The Yomiuri ShimbunDear Troubleshooter:

I’m a male company employee in my 40s, and I’m still suffering from memories of my younger days, when I was a loser.

I didn’t do well at school, and I failed my university entrance exams so I had to try them again the following year. I also quit my club activities at school halfway through. I’m not sociable, so I had few friends, and I had no girlfriend.

On top of all this, I’d often get a stomachache during class and need to go to the bathroom, which bothered the other students. I felt really uneasy when there was no bathroom around. Looking back, I might’ve had some sort of illness.
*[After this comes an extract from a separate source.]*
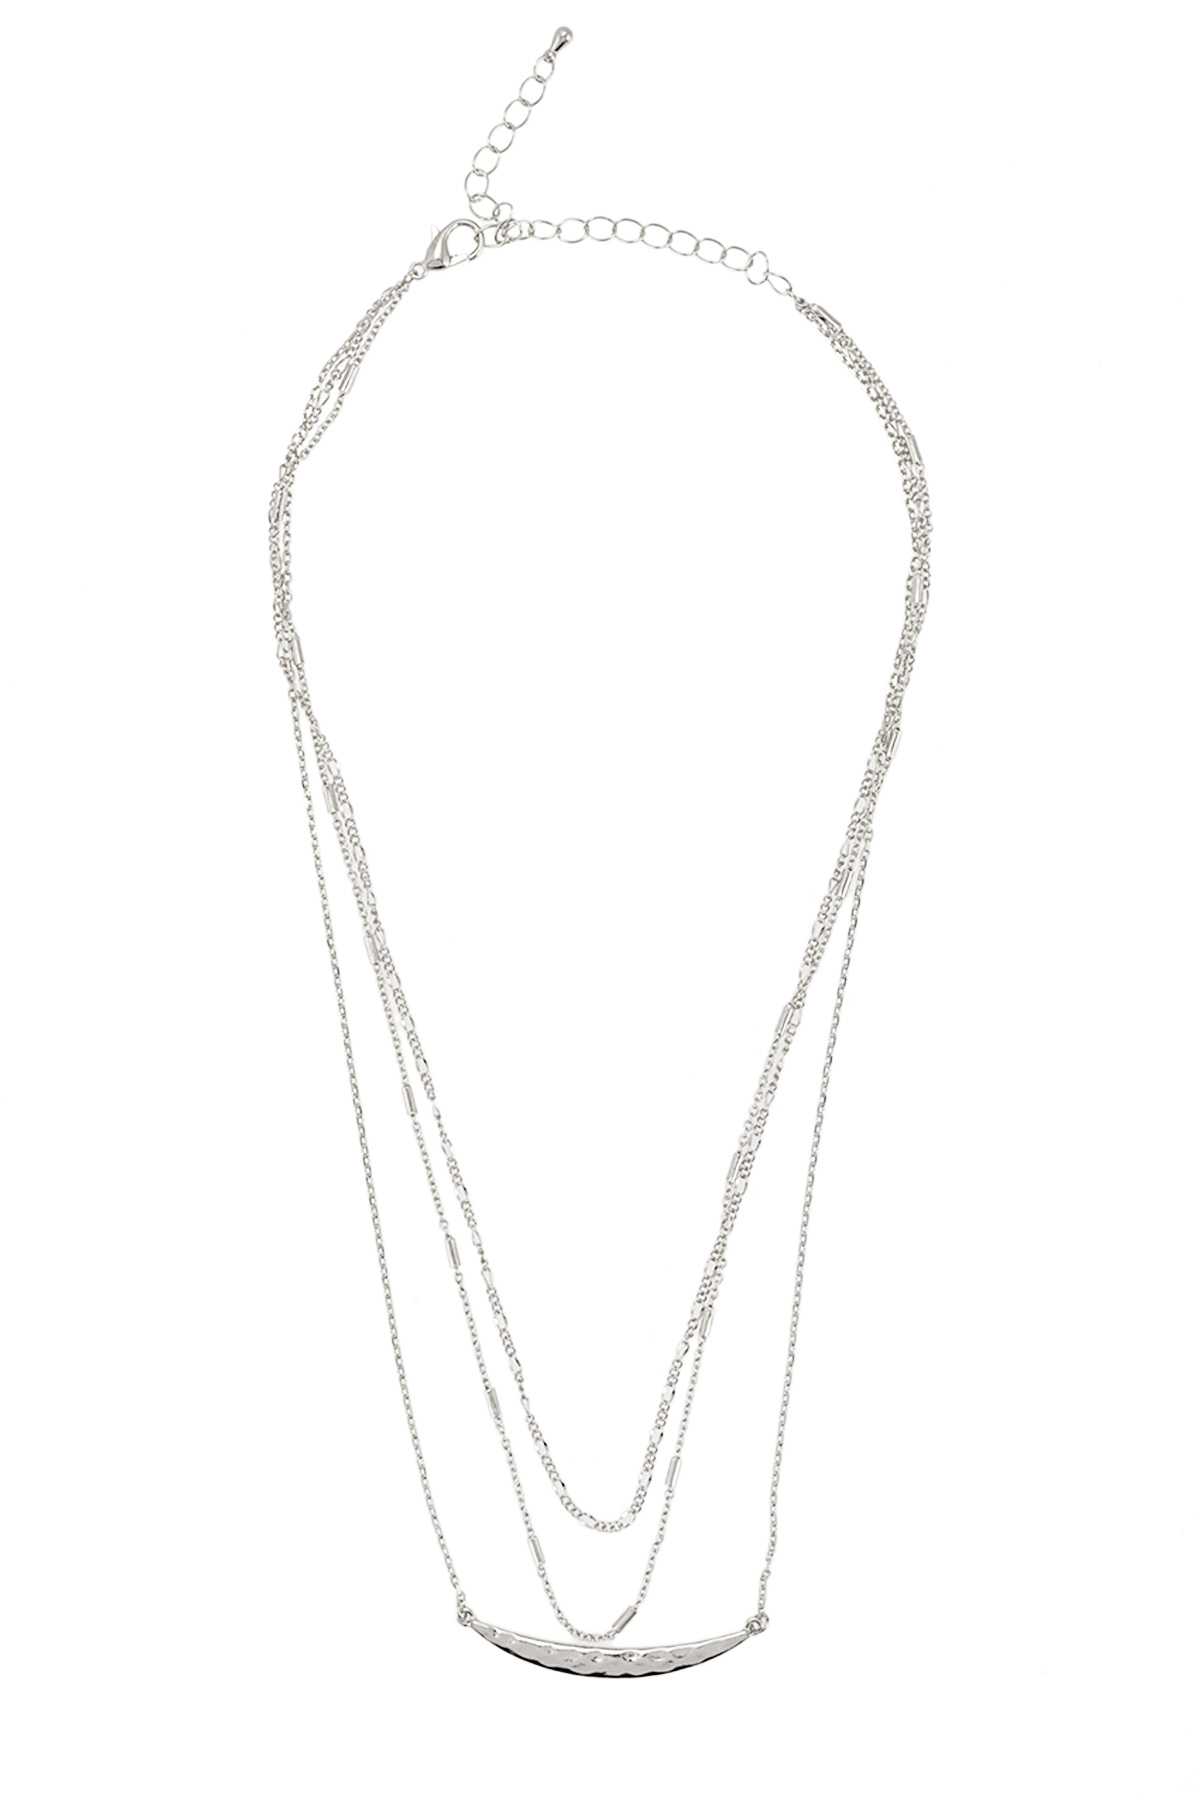 Textured Curvy Bar Chain Layered Necklace

Since that time, I’ve felt I’m helpless. I’m envious whenever I read a novel or watch a film about club activities or a romantic relationship at a junior high school or high school, even though I’m aware they’re only fiction. I can’t help but think how different I was from the characters in these works.
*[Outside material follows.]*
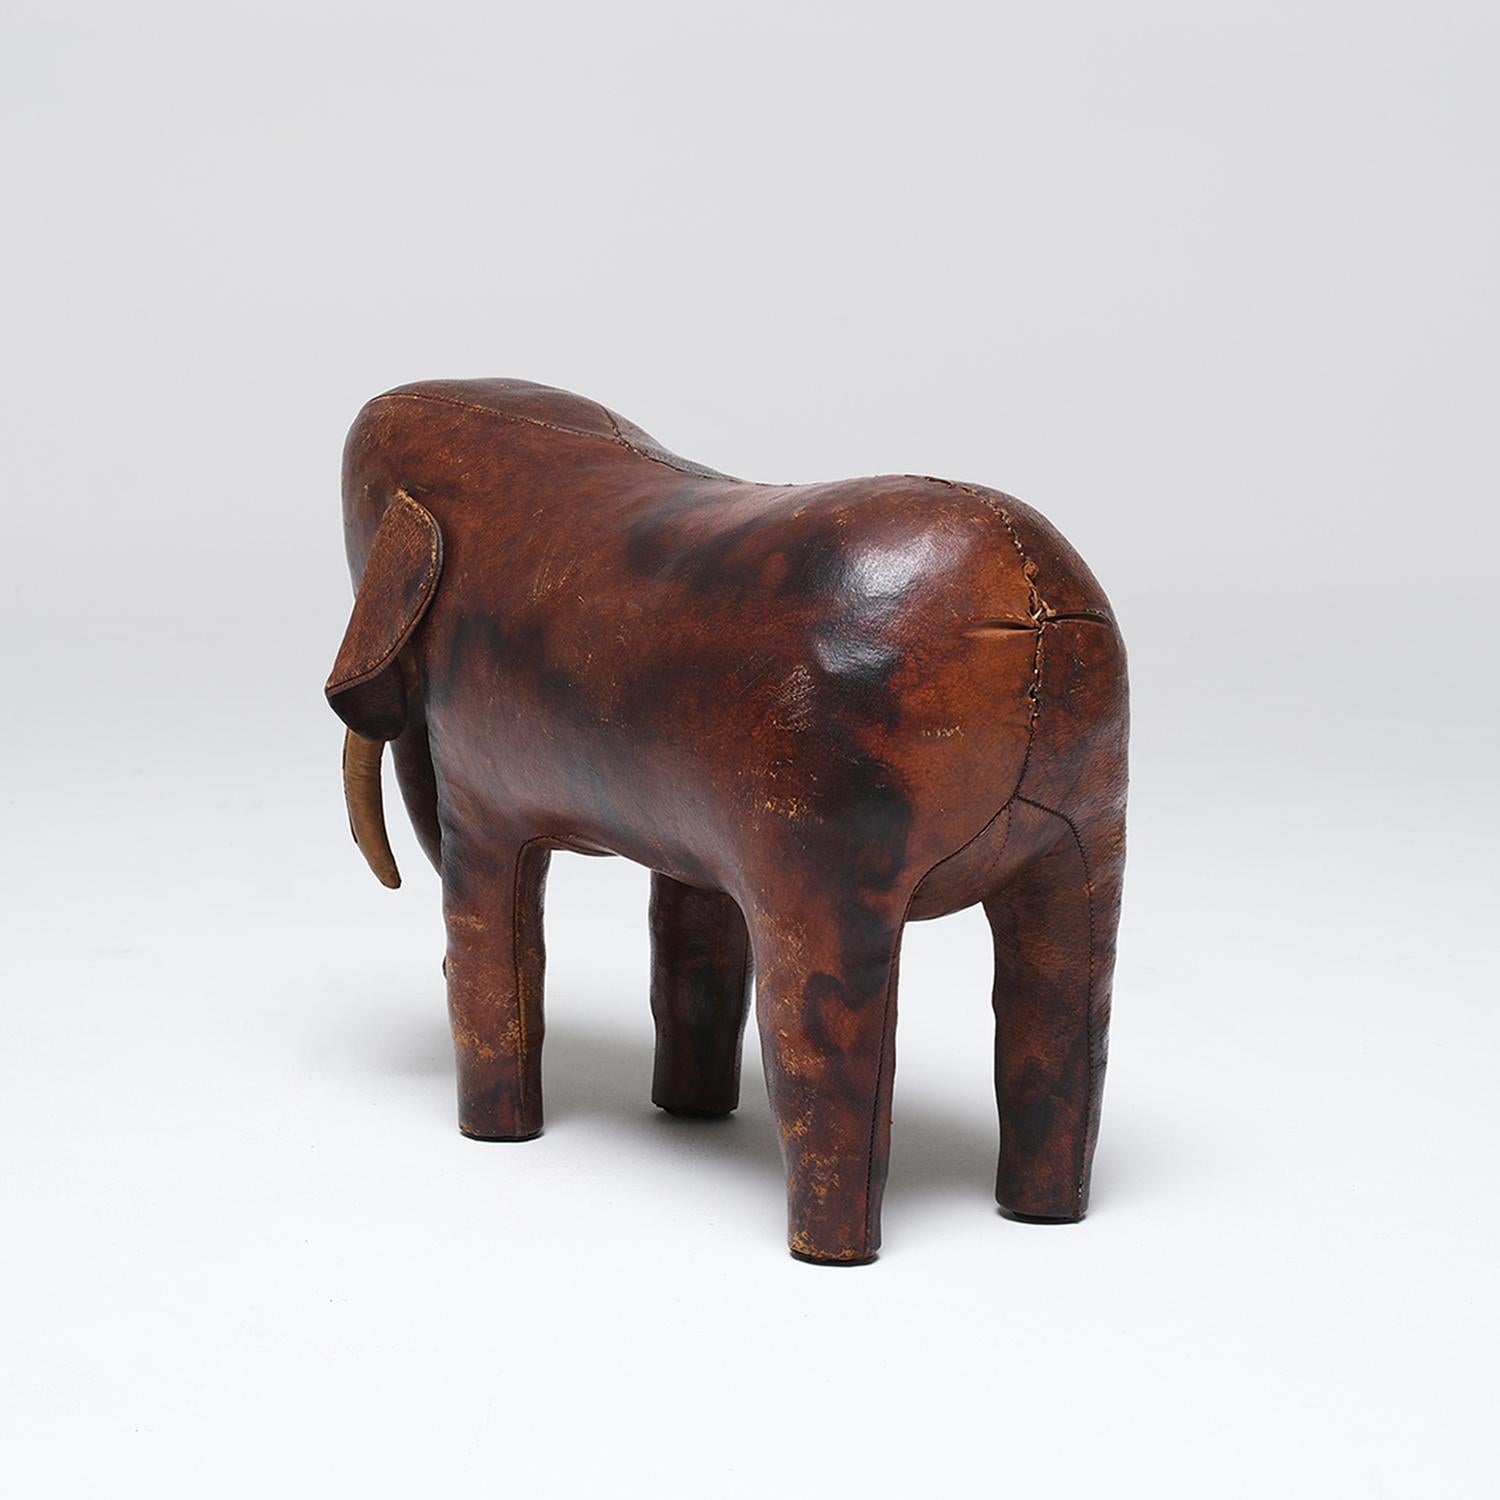 20th Century English Vintage Elephant Footstool by Dimitri Omersa For Sale 1

I got married at long last several years ago and had a child. I think I must live in the here and now for the sake of my loving family. How can I save myself from such painful memories?

A, Tokyo

Dear Mr. A:

You have your own loving family and are trying to live in the here and now for the sake of your wife and child. I think you have quite a fulfilling “now” in which to live.

I understand you want to forget your past as “a loser” when you failed the entrance exams and often faced the call of nature during classes.

However, I can’t help but believe you live a fulfilled life today exactly because you once lived as “a loser.” Some people, like those featured in the films you’ve watched, may have smooth sailing in their younger days, but for people who are always successful, it’s hard to be humble or understand the feelings of unsuccessful people.

You know how painful it is to fail. That means you can understand very well the feelings of people who are disappointed in themselves and depressed, and so can be sympathetic to them. You probably benefit from these qualities today and so attract others to you.

I think you should be proud of yourself because you can be compassionate toward those suffering hardships by turning your hard experiences to your advantage, rather than trying to forget them.